Several genes of enigmatic function were also identified, suggesting potentially interesting areas of further study. Gm42031 was previously identified in a study of microglial activation. In that study, Wilson et al. identified its downregulation to be associated with neuro-inflammation32. Thus, the current finding of marked upregulation in the NZBWF1 strain in the context of inflammation is intriguing. Further characterization of Gm42031 and its functional impact on immune regulation may be a novel area of investigation.

To our knowledge, this is the first study to leverage single cell RNA sequencing in examining the bone marrow of the NZBWF1 mouse strain. Prior studies in this model have examined single cell transcriptomics in the kidney and lung of affected mice later in the disease course45,46. There, the author’s identified extensive immune cell infiltration and activation, consisting of nearly all major immune cell types. Thus, our study uniquely examines the developmental milieu of these immune cells at an early time point, prior to the development of overt autoimmunity.

Our study has several limitations. First, we examined only a single time point. It is possible earlier time points would have identified more proximate genetic contributors to autoimmune predisposition in the NZBWF1 strain. Similarly, given this cross-sectional design, we cannot establish whether the observed gene expression changes cause autoimmunity. Future studies could examine longitudinal gene expression changes to more comprehensively chart the genetic and transcriptomic landscape of autoimmune development in the NZBWF1. Furthermore, targeted perturbations of the candidate pathways (e.g. ferritin light chain) could provide more insight into their causal role and establish therapeutic candidacy.

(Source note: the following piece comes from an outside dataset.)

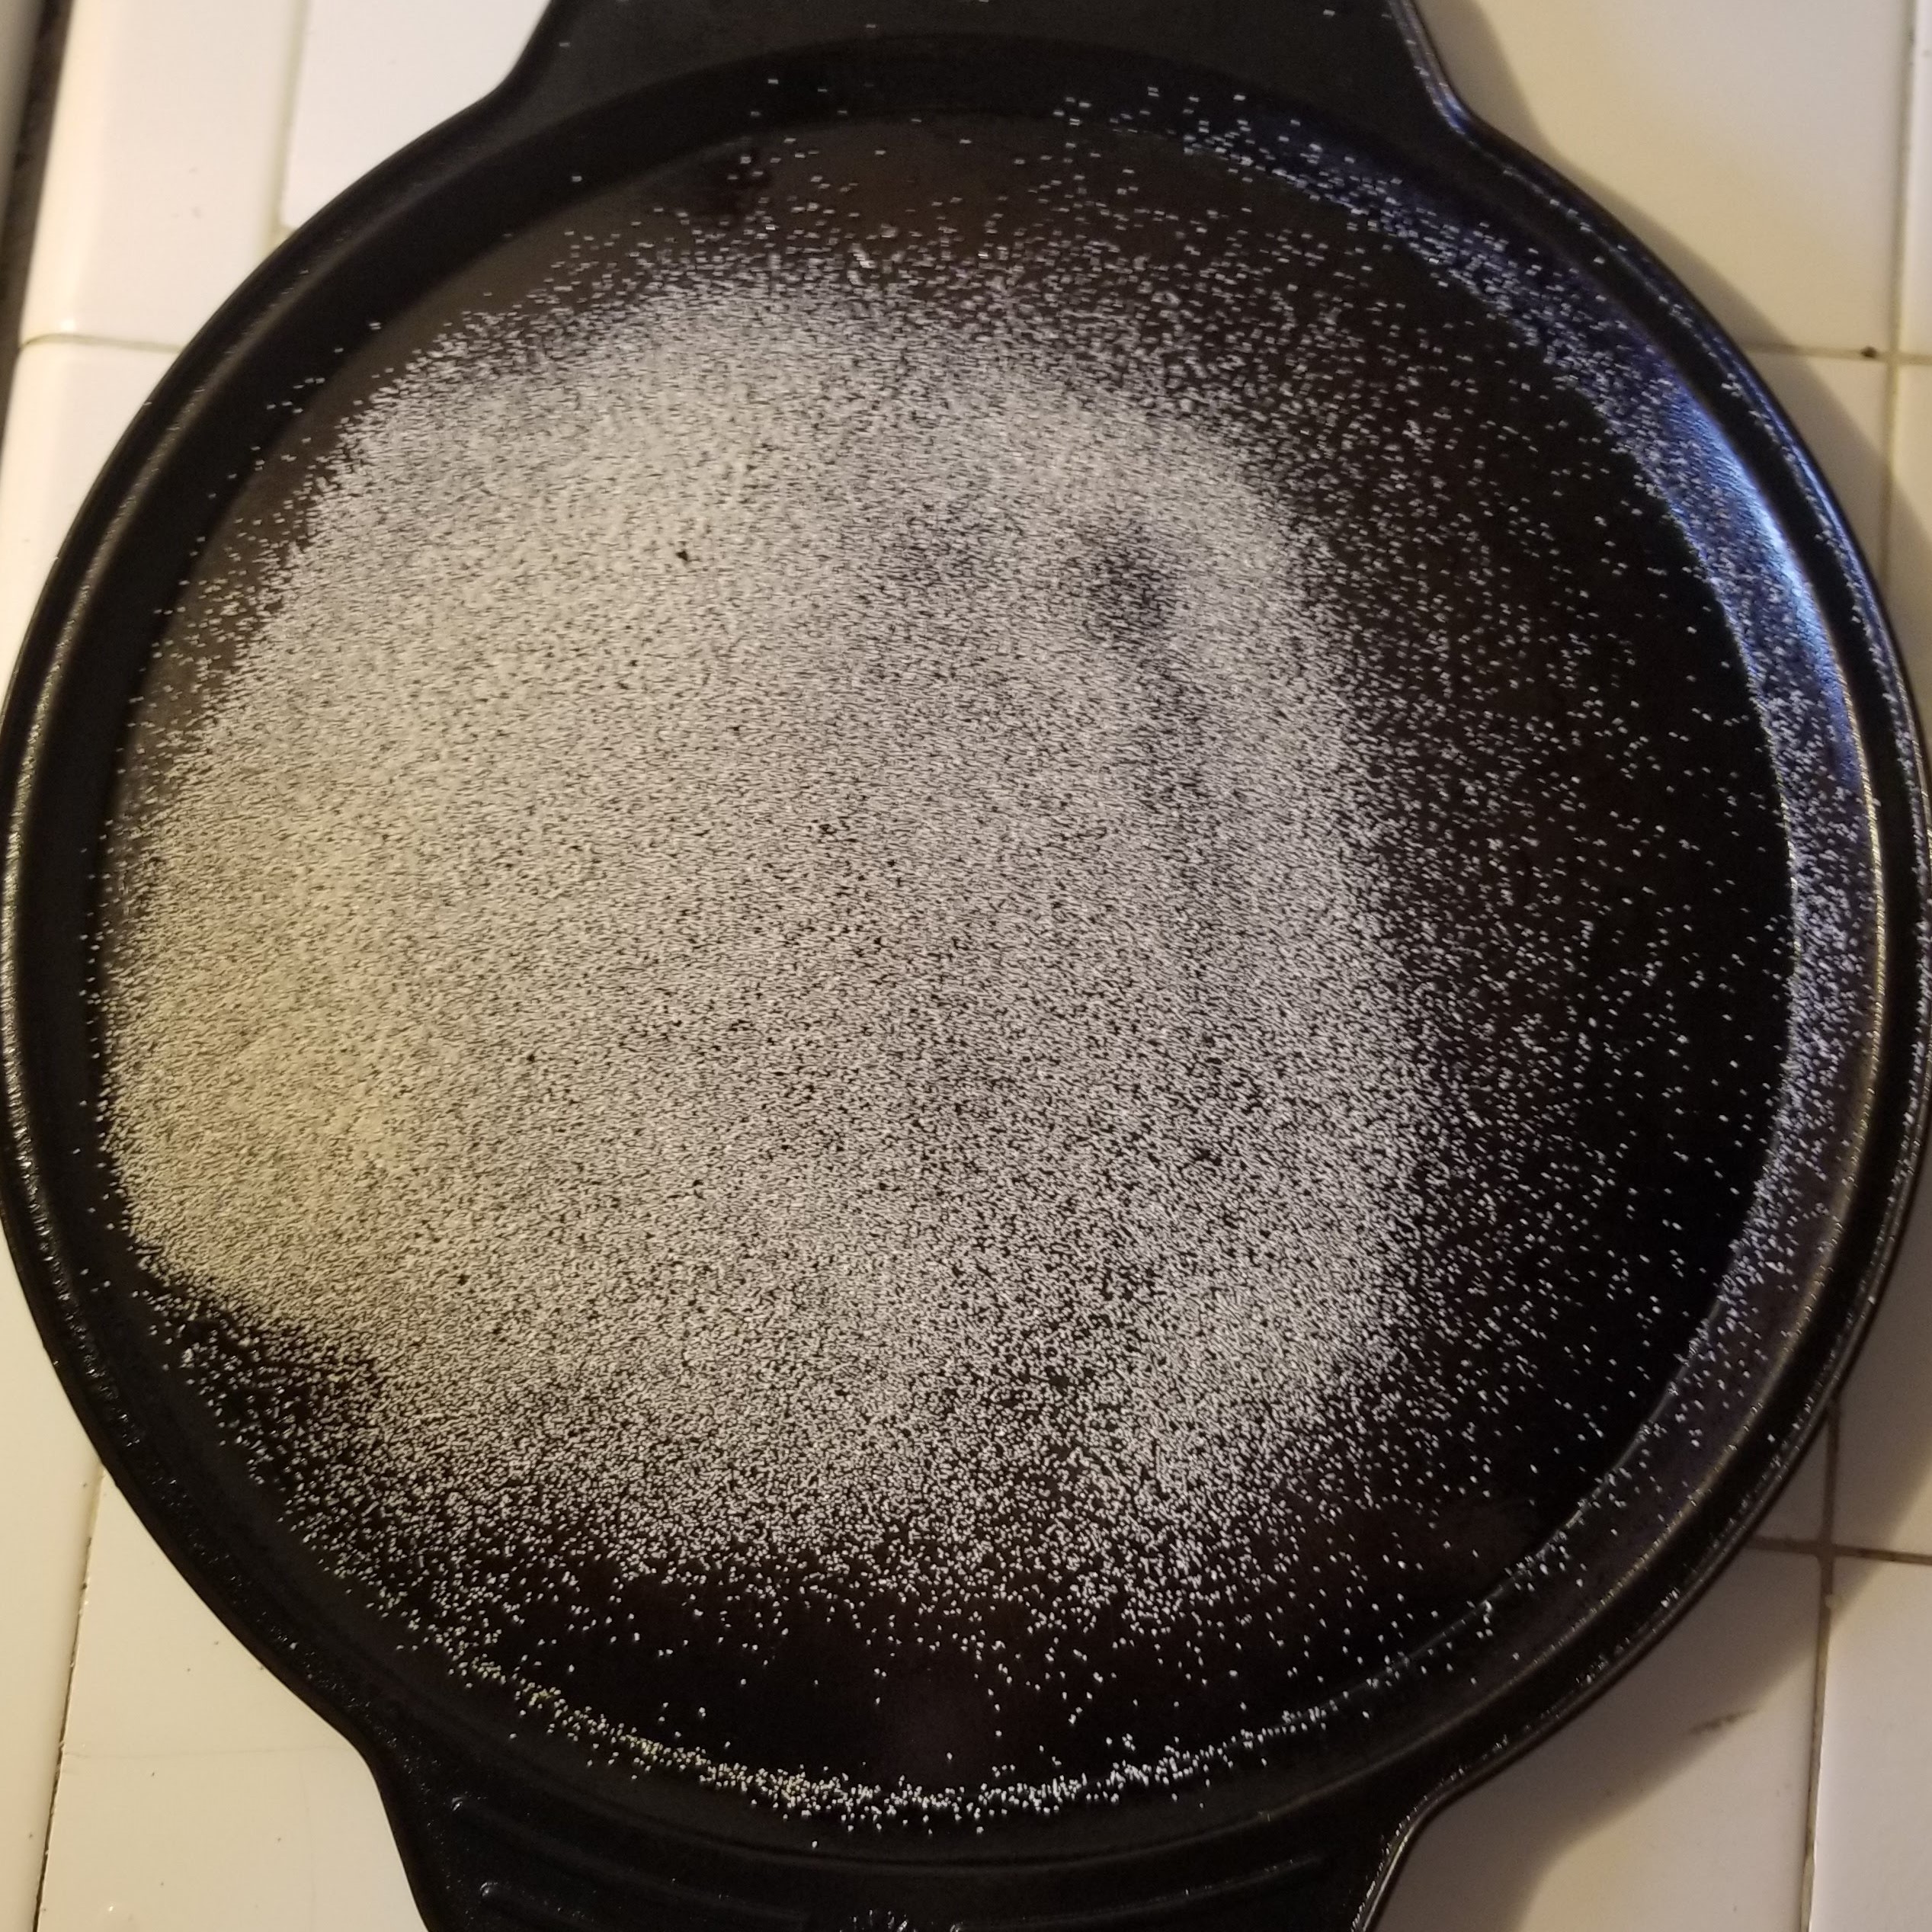 A round baking pan with semolina flour dusted across it.

Taken together, the current data represent an atlas of hematopoietic phenotype early in the course of disease development of the NZBWF1 mouse. The data are not only consistent with the B cell activation and interferon signaling expected of SLE, but also identify several novel areas of interest, most notably, the ferritin light chain signaling axis. Data sets such as the one from this study may be useful for gaining a better understanding of this devastating disease leading to better therapeutic approaches.